Italian families with sons who had British passports and who were in the armed forces found that
they were being treated with as much hostility as though they were the enemy, and those with Italian blood had quickly learned to be on their guard.

‘I’ll bet she was down the shelter last night, though, taking up a space that by rights should have gone to a proper British person,’ Annette was jeering. ‘If I had my way, it wouldn’t just be the Italian men I’d have had rounded up; I’d have rounded up the women and the kids as well and put the whole lot of them behind bars. Aye, and I’d have told Hitler he could come and bomb them any time he liked, and good riddance. ’Oo knows what she gets up to? For all we know she could be a ruddy spy.’

Ignoring Annette’s insults, Lena stepped out into the road to walk past her and then gasped as a small piece of broken brick hit her on the arm. Automatically she turned round to see Annette’s youngest, four-year-old Larry, grinning triumphantly as he called out in a shrill voice, ‘I got her, Mam. Ruddy Eyetie.’

‘Good for you, our Larry. Go on, throw another at her, Eyetie spy,’ Annette encouraged her son, laughing as he bent down to pick up another piece of broken brick.
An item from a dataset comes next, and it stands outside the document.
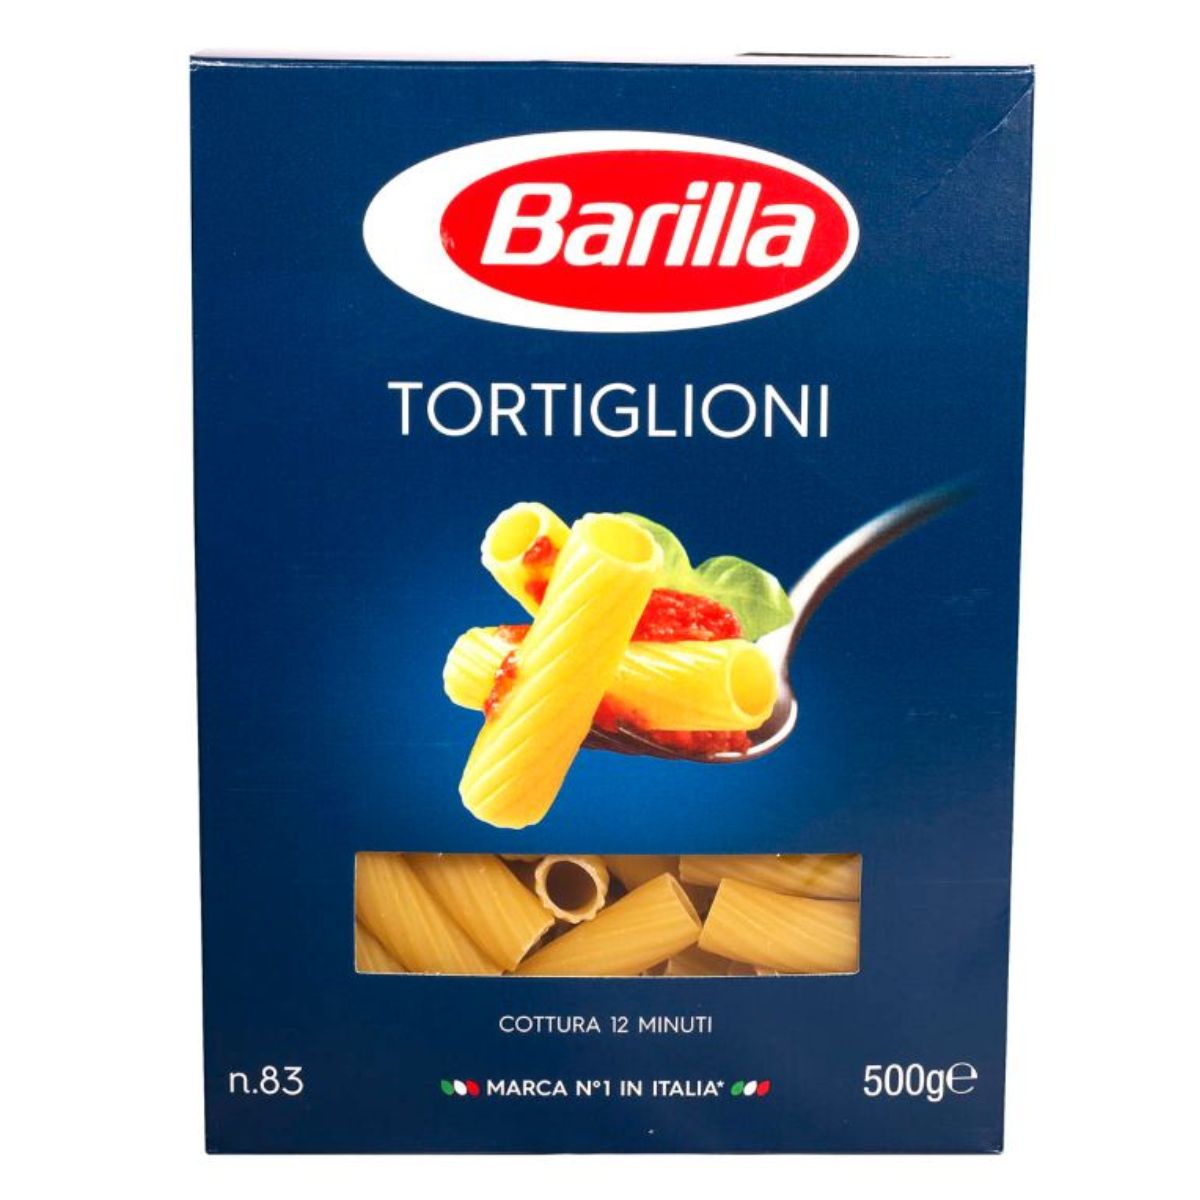 Sentence with replaced product name: Box of Barilla - Pasta Tortiglioni - 500g, featuring an image of the pasta with tomatoes and basil on a fork.

She wasn’t going to run, Lena told herself fiercely, she wasn’t. She would think about
him
instead, her lovely, lovely soldier boy. That way she couldn’t feel the pain of the sharp pieces of brick the children gathered round Annette were now hurling at her with shrieks of glee. They didn’t mean any harm, not really. It was just a game to them. Lena gasped as someone threw a heavier piece, which caught her between her shoulder blades, almost causing her to stumble.

‘Eyetie spy, Eyetie spy,’ the children were chanting. ‘Come on, let’s get her … Let’s kill the spy.’

‘What’s going on here?’

Lena had never felt more relieved to see the familiar face of the local policeman as he grabbed her arm to steady her.